4 February 2023 The Future is the Product of the Past

World’s First Air Conditioners “Windcatchers”

The Persians invented Air Conditioning! Although it should be noted that this is 500 CE, this is the first time it has been recorded and the device may have been used earlier.  The Persians have used wind on land through a ventilation system called windcatchers (wind towers), which are structures attached to the top of buildings. A structure attached to the top of a building that drew cool air down, pushing warmer air up and out.

Scholars have been arguing whether the Persians or the Egyptians were the first to develop the windcatcher, but the evidence seems to favor the Persians, predating the Achaemenid period.

Windcatchers function pretty much like a modern air conditioning system.

A windcatcher is an architectural element that has been used to provide natural ventilation in buildings for ages. For thousands of years, windcatchers have provided a type of “air conditioning” to the inhabitants of the Middle East.

Wind catchers at Madinat Jumeirah.
Wind catchers at Madinat Jumeirah.

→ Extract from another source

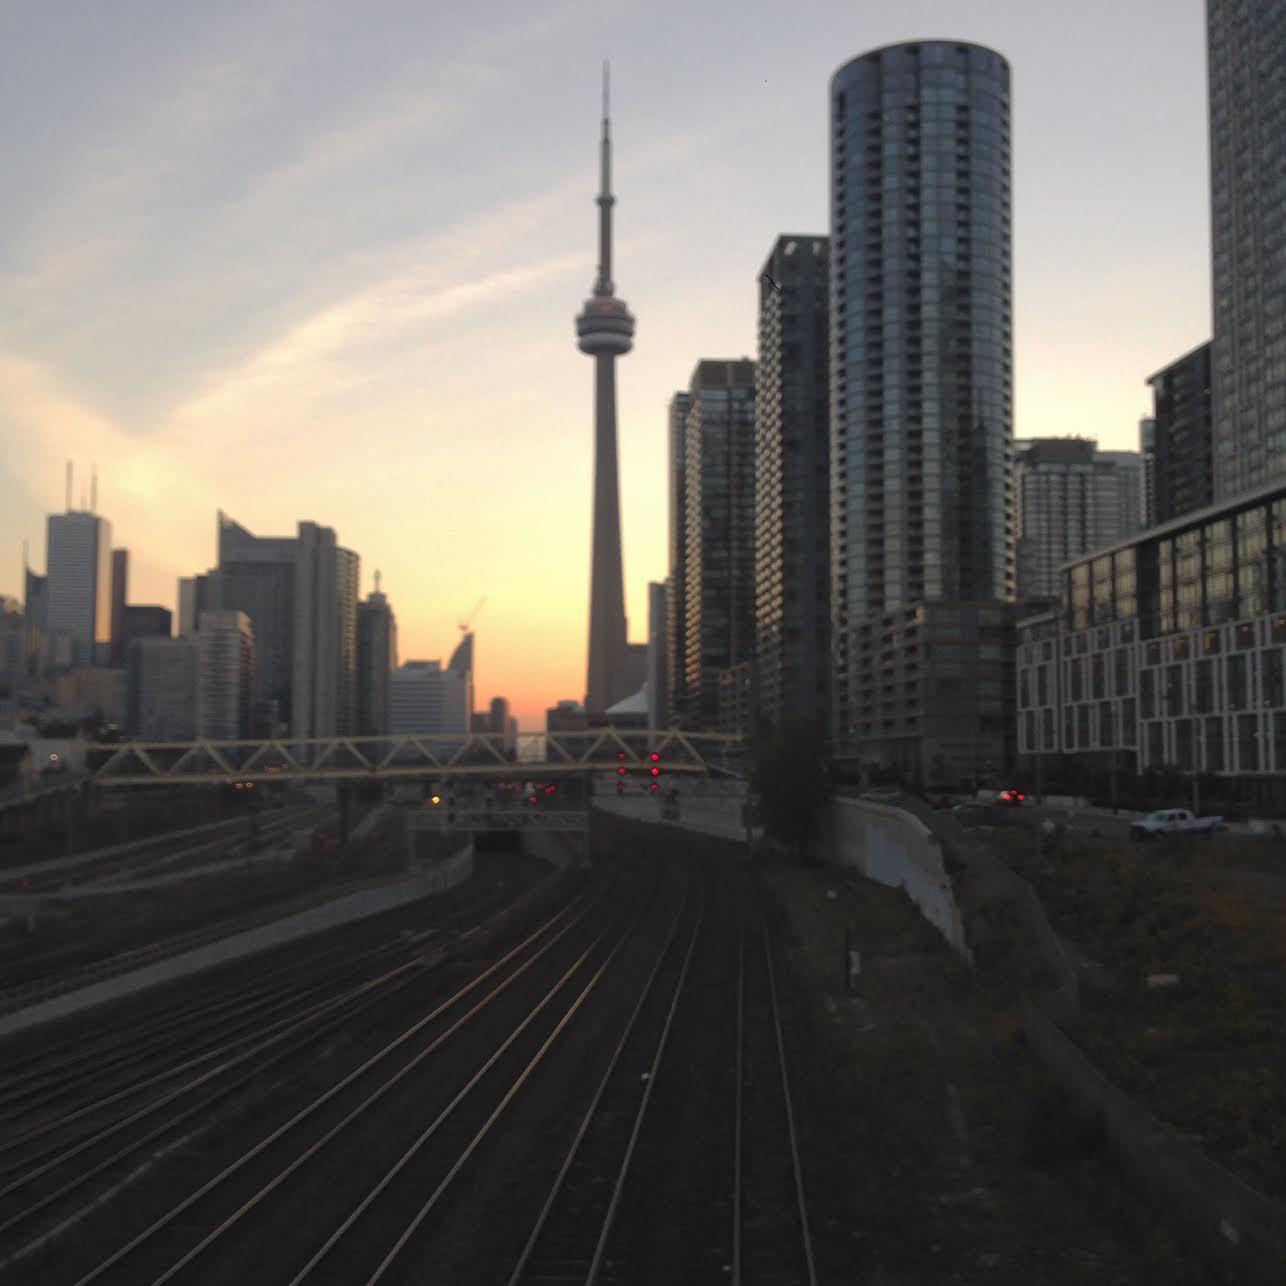 Sunrise in downtown Toronto, Fall 2015.

Photo source

Wind catchers can be seen in the Middle East, Pakistan, and Afghanistan, which are influenced by traditional Persian architecture.

Centuries of refinements and adaptations to withstand difficult climactic conditions prompted city builders to construct designs and constructions that are just breathtaking.

An ab anbar
An ab Anbar (water reservoir) with double domes and windcatchers (openings near the top of the towers) in the central desert city of Naeen, Iran.

Windcatchers are available in a variety of styles, including uni-directional, bi-directional, and multi-directional. Windcatchers in Iran are often multi-directional, having two to eight apertures at the top to collect breezes from all directions.

Yakhchal or ice chamber. Abarkuh, Iran.
Yakhchal or ice chamber. Abarkuh, Iran.

Windcatchers are so efficient that they are commonly employed as a refrigerating device in the form of ice houses (Yakhchal or ice chambers) in several places of Iran. Many traditional water reservoirs (ab Anbars) are designed with wind catchers that can store water at near-freezing temperatures for months in the summer.

This architectural element is still common in eastern cultures, although there is a growing awareness of the use of natural ventilation and passive cooling in western nations. Windcatchers have lately been used in Western design, such as the visitor center at Zion National Park in Utah.  In modern wooden construction, a windcatcher has been devised that regulates temperature without the need for plugs or mechanical devices.

Diagram of a building cooled by a qanat and wind tower natural ventilation system.
Diagram of a building cooled by a qanat and wind tower natural ventilation system.

How does it work?

The function of the windcatcher is very similar to that of a modern air conditioning system. On the top of the windcatcher are several directional ports-usually four ports that open in four directions. When the port facing the prevailing wind is opened, the air is pushed down into the shaft and into the building. At the bottom of the tower is a pool provided by an aqueduct called qanat through which air can pass. When warm air passes through the water, the air is cooled by evaporative cooling. At night, cold air is sucked into the house, thereby cooling it naturally.